The next section of ylparse.y is the core of the grammar: its rules. The very first rule deserves special attention:

     result: { LOCATION_RESET (yylloc) } exp { yycontrol->result = $2; };

it aims at initializing yylloc before the parsing actually starts. It does so via a so called mid-rule action, i.e., a rule which is executed before the whole rule is recognized². Then it looks for a single expression, which value consists in the result of the parse: we store it in the parser control structure.
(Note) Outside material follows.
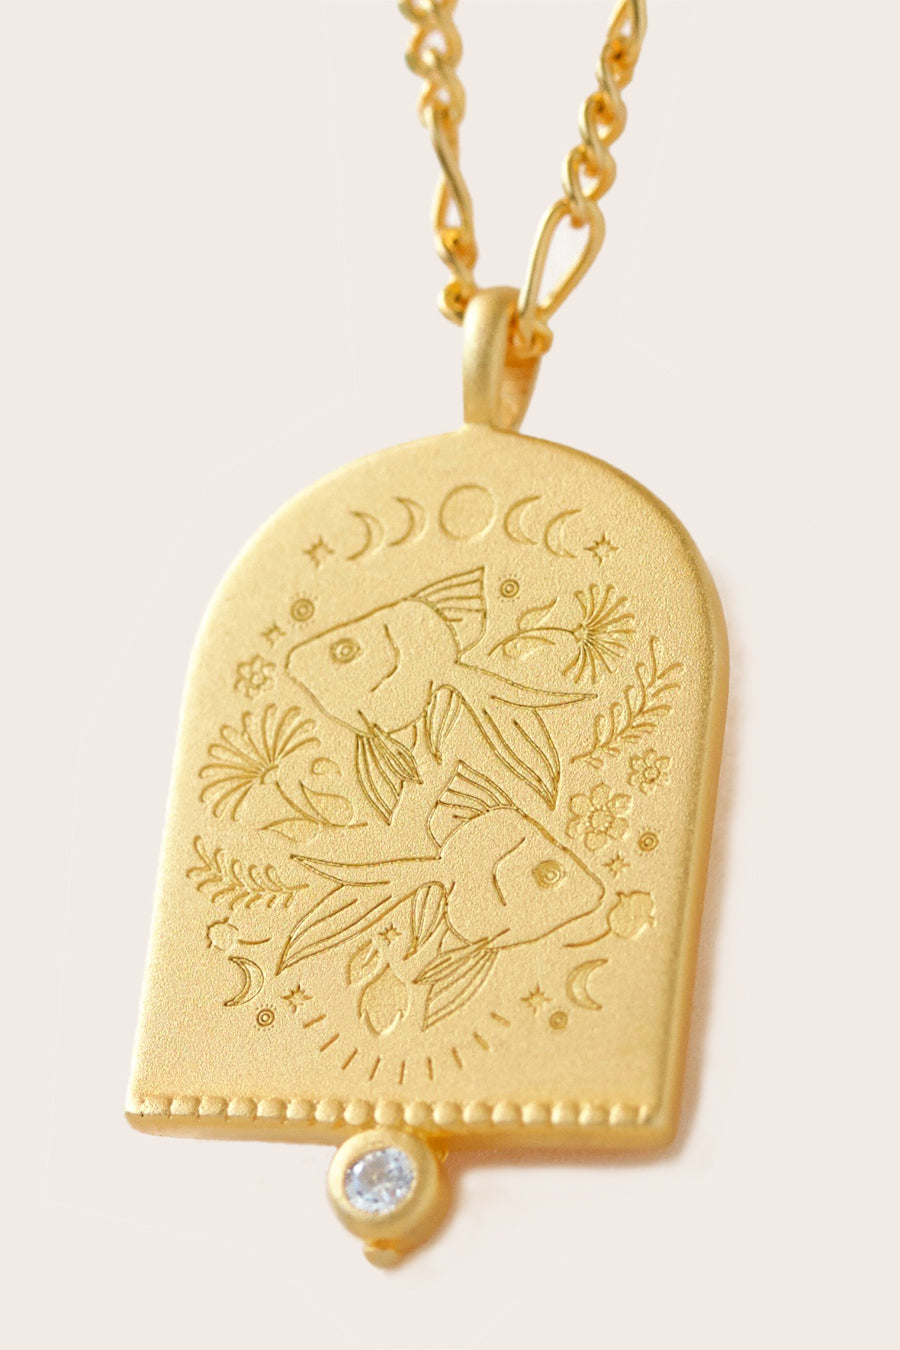 Pisces Fish Zodiac Astrology starsign Necklace in matt gold

The following chunk addresses the token NUMBER. It relies on the default action: $$ = $1.

     /* Plain numbers. */
     exp:
       NUMBER
     ;
     
     /* Parentheses. */
     exp:
       LEFTP exp RIGHTP { $$ = $2; }
     ;

The next bit of the grammar describes arithmetics. Two treatments deserve attention:

Unary Operators: We want the unary minus and plus to bind extremely tightly: their precedence is higher than that binary plus and minus. But, as already explained, the precedence of a rule is that of its last token... by default... To override this default, we use %prec which you can put anywhere in the rule. The rules below read as "the rules for unary minus and plus have the precedence of the precedence place holder UNARY".
Semantic Errors: Not all the exponentiations are valid (2 ^ -1), nor are all the divisions and moduli (1 / 0, 1 % 0). When such errors are detected, we abort the parsing by invoking YYABORT.

     /* Arithmetics. */
     exp:
       PLUS  exp        { $$ =   $2; }   %prec UNARY
     | MINUS exp        { $$ = - $2; }   %prec UNARY
     | exp PLUS     exp { $$ = $1 + $3; }
     | exp MINUS    exp { $$ = $1 - $3; }
     | exp TIMES    exp { $$ = $1 * $3; }
     | exp DIVIDE   exp { if (!yldiv (yycontrol, &@$, &$$, $1, $3)) YYABORT; }
     | exp MODULO   exp { if (!ylmod (yycontrol, &@$, &$$, $1, $3)) YYABORT; }
     | exp RATIO    exp { if (!yldiv (yycontrol, &@$, &$$, $1, $3)) YYABORT; }
     | exp EXPONENT exp { if (!ylpow (yycontrol, &@$, &$$, $1, $3)) YYABORT; }
     ;
     
     /* Booleans. */
     exp:
       LNOT exp     { $$ = ! $2; }
     | exp LAND exp { $$ = $1 && $3; }
     | exp LOR  exp { $$ = $1 || $3; }
     ;
     
     /* Comparisons. */
     exp:
       exp EQ    exp { $$ = $1 == $3; }
     | exp NOTEQ exp { $$ = $1 != $3; }
     | exp LS    exp { $$ = $1 <  $3; }
     | exp LSEQ  exp { $$ = $1 <= $3; }
     | exp GT    exp { $$ = $1 >  $3; }
     | exp GTEQ  exp { $$ = $1 >= $3; }
     ;
     
     /* Bitwise. */
     exp:
       NOT exp        { $$ = ~ $2; }
     | exp AND    exp { $$ = $1 & $3; }
     | exp OR     exp { $$ = $1 | $3; }
     | exp LSHIFT exp { $$ = $1 << $3; }
     | exp RSHIFT exp { $$ = $1 >> $3; }
     ;
     %%

Finally, the epilogue of our parser consists in the definition of the tracing function, yyprint:

     /*------------------------------------------------------------------.
     | When debugging the parser, display tokens' locations and values.  |
     `------------------------------------------------------------------*/
     
     static void
     yyprint (FILE *file,
              /* FIXME: const yyltype *loc, */ int type, const yystype *value)
     {
       fputs (" (", file);
       /* FIXME: LOCATION_PRINT (file, *loc); */
       fputs (")", file);
       switch (type)
         {
         case NUMBER:
           fprintf (file, " = %ld", value->number);
           break;
         }
     }

Notes de bas de page

No one would ever accept a compiler which reports only the first error it finds, and then exits!
The attentive reader will notice that the notion of mid-rule action does not fit with LALR(1) techniques: an action can only be performed once a whole rule is recognized. The paradox is simple to solve: internally Bison rewrites the above fragment as
```
     result: @1 exp    { yycontrol->result = $2; };
     @1: /* Empty. */  { LOCATION_RESET (yylloc); };
     
```
where @1 is a fresh nonterminal. You are invited to read the --verbose report which does include these invisible symbols and rules.